Viewing CVEs For Your Active Guix Profile And System

Someone in #guix IRC gave me this helpful command for listing CVEs for your active Guix profile and system:

guix lint -c cve $(guix package -p ~/.guix-profile -p /run/current-system/profile -I | cut -f1)
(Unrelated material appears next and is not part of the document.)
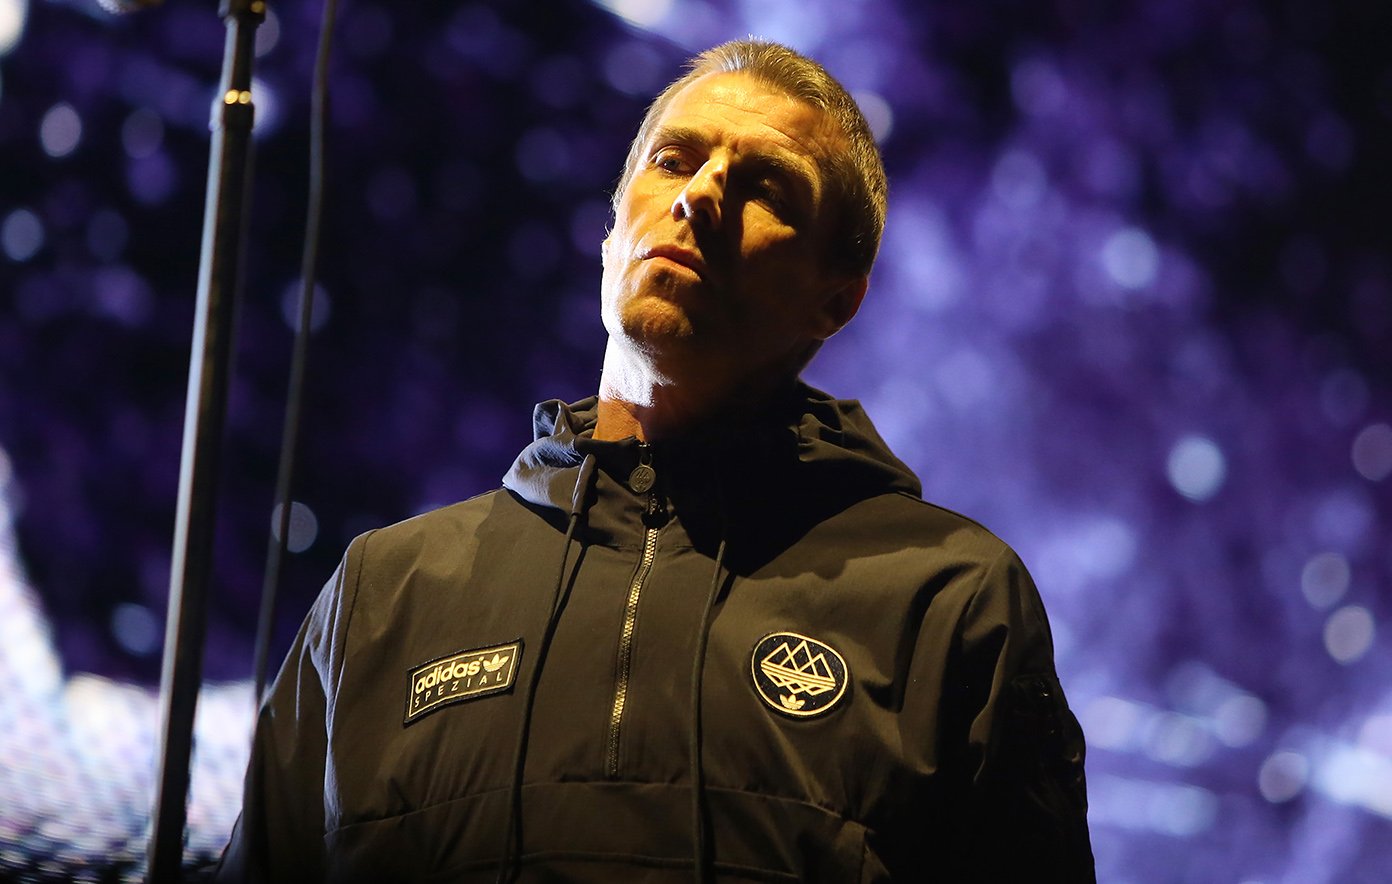 Liam Gallagher clarifies Oasis reunion status following reports about Wembley Stadium plans

Things were a little more complicated for me because I use inferiors, so some installed packages are not in the current guix pull. I had to add some grep calls to exclude those packages from the list:

christopher@theoden ~$ guix lint -c cve $(guix package -p ~/.guix-profile -p /run/current-system/profile -I | grep -v qucs | grep -v linphoneqt | cut -f1)
gnu/packages/admin.scm:1932:2: wpa-supplicant@2.9: probably vulnerable to CVE-2019-16275
gnu/packages/avahi.scm:38:2: avahi@0.8: probably vulnerable to CVE-2021-26720, CVE-2021-3468
gnu/packages/base.scm:180:2: tar@1.32: probably vulnerable to CVE-2021-20193, CVE-2021-32803, CVE-2021-32804
gnu/packages/base.scm:238:2: patch@2.7.6: probably vulnerable to CVE-2019-13636, CVE-2019-13638, CVE-2019-20633, CVE-2018-1000156, CVE-2018-20969, CVE-2018-6951, CVE-2018-6952
gnu/packages/admin.scm:803:2: shadow@4.8.1: probably vulnerable to CVE-2019-19882
gnu/packages/wget.scm:46:2: wget@1.20.3: probably vulnerable to CVE-2021-31879
gnu/packages/databases.scm:1289:2: recutils@1.8: probably vulnerable to CVE-2019-11637, CVE-2019-11638, CVE-2019-11639, CVE-2019-11640, CVE-2019-6455, CVE-2019-6456, CVE-2019-6457, CVE-2019-6458, CVE-2019-6459, CVE-2019-6460
gnu/packages/gnome.scm:10753:2: evolution@3.34.2: probably vulnerable to CVE-2021-3349
gnu/packages/dns.scm:318:2: bind@9.16.16: probably vulnerable to CVE-2019-6470
gnu/packages/compression.scm:1692:2: zip@3.0: probably vulnerable to CVE-2018-13410
gnu/packages/compression.scm:1796:2: unzip@6.0: probably vulnerable to CVE-2019-13232
gnu/packages/rsync.scm:73:2: rsync@3.2.3: probably vulnerable to CVE-2020-14387
gnu/packages/virtualization.scm:144:2: qemu@6.0.0: probably vulnerable to CVE-2021-20255, CVE-2021-3507, CVE-2021-3527, CVE-2021-3544, CVE-2021-3545, CVE-2021-3546, CVE-2021-3682, CVE-2020-35503
gnu/packages/python.scm:108:2: python2@2.7.17: probably vulnerable to CVE-2021-23336, CVE-2021-3426, CVE-2020-8492, CVE-2019-18348, CVE-2019-20907, CVE-2019-9674
gnu/packages/python.scm:366:2: python@3.8.2: probably vulnerable to CVE-2021-23336, CVE-2021-29921, CVE-2021-3426, CVE-2020-14422, CVE-2020-27619, CVE-2019-18348
gnu/packages/tls.scm:495:2: openssl@1.1.1l: probably vulnerable to CVE-2018-16395

Most of these are Medium level CVEs. It looks like a lot of vulnerabilities, but things are not so clear when you start actually reading the CVEs. Many of them have notes similar to "this CVE has been modified and is awaiting re-analysis" or "it is highly unlikely that this vulnerability would ever be exposed in any real use of the application" or "third parties dispute the significance of this issue". The CVE shown attached to openssl, at a quick glance, appears to be more of a vulnerability in the Ruby module that uses openssl.

Comments

Alaskalinuxuser, 2021-09-02

Yes, I find one must carefully read the CVEs before blindly taking action when I work with Android kernels.